STIPI: Using Search to Prioritize Test Cases Based on Multi-objectives Derived from Industrial Practice

  • Dipesh PradhanEmail author
  • Shuai Wang
  • Shaukat Ali
  • Tao Yue
  • Marius Liaaen
Conference paper
Part of the Lecture Notes in Computer Science book series (LNCS, volume 9976)


The importance of cost-effectively prioritizing test cases is undeniable in automated testing practice in industry. This paper focuses on prioritizing test cases developed to test product lines of Video Conferencing Systems (VCSs) at Cisco Systems, Norway. Each test case requires setting up configurations of a set of VCSs, invoking a set of test APIs with specific inputs, and checking statuses of the VCSs under test. Based on these characteristics and available information related with test case execution (e.g., number of faults detected), we identified that the test case prioritization problem in our particular context should focus on achieving high coverage of configurations, test APIs, statuses, and high fault detection capability as quickly as possible. To solve this problem, we propose a search-based test case prioritization approach (named STIPI) by defining a fitness function with four objectives and integrating it with a widely applied multi-objective optimization algorithm (named Non-dominated Sorting Genetic Algorithm II). We compared STIPI with random search (RS), Greedy algorithm, and three approaches adapted from literature, using three real sets of test cases from Cisco with four time budgets (25 %, 50 %, 75 % and 100 %). Results show that STIPI significantly outperformed the selected approaches and managed to achieve better performance than RS for on average 39.9 %, 18.6 %, 32.7 % and 43.9 % for the coverage of configurations, test APIs, statuses and fault detection capability, respectively.

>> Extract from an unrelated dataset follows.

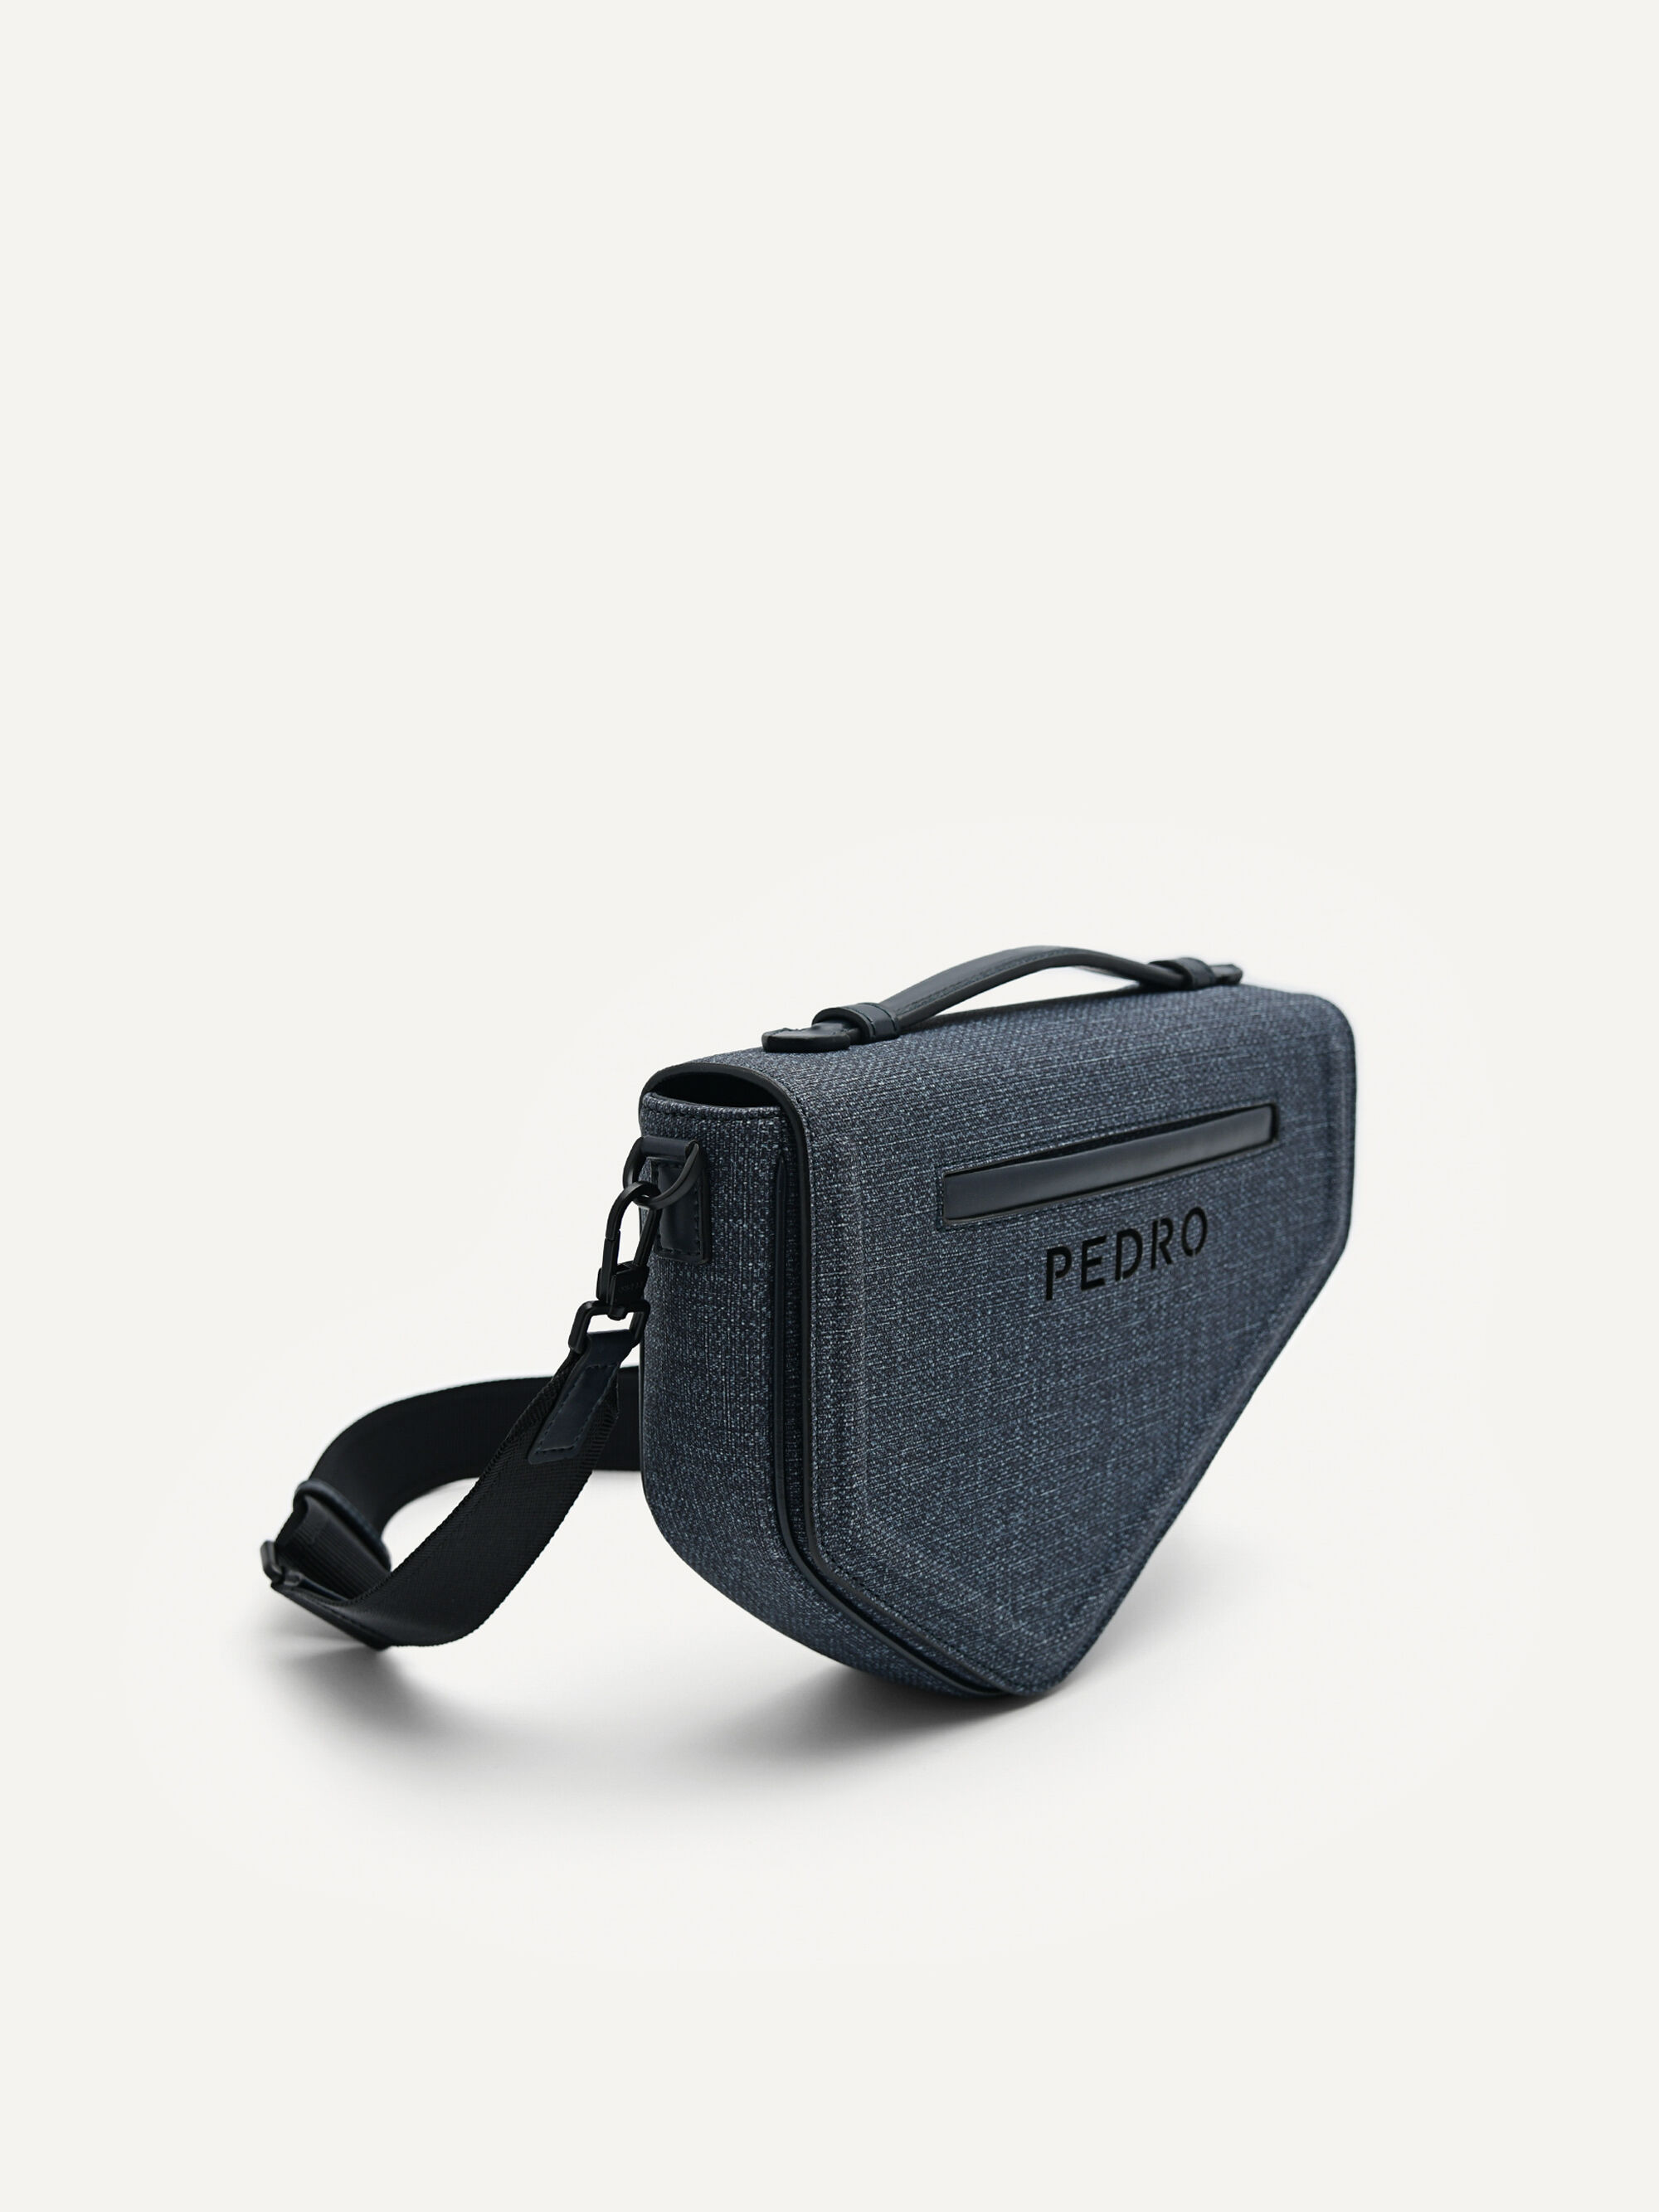 Pedro men sling bag.Get your own now!! #pedro #pedromalaysia

Test case prioritization Search Configurations Test APIs 



This research is supported by the Research Council of Norway (RCN) funded Certus SFI. Shuai Wang is also supported by the RFF Hovedstaden funded MBE-CR project. Shaukat Ali and Tao Yue are also supported by the RCN funded Zen-Configurator project, the EU Horizon 2020 project funded U-Test, the RFF Hovedstaden funded MBE-CR project and the RCN funded MBT4CPS project.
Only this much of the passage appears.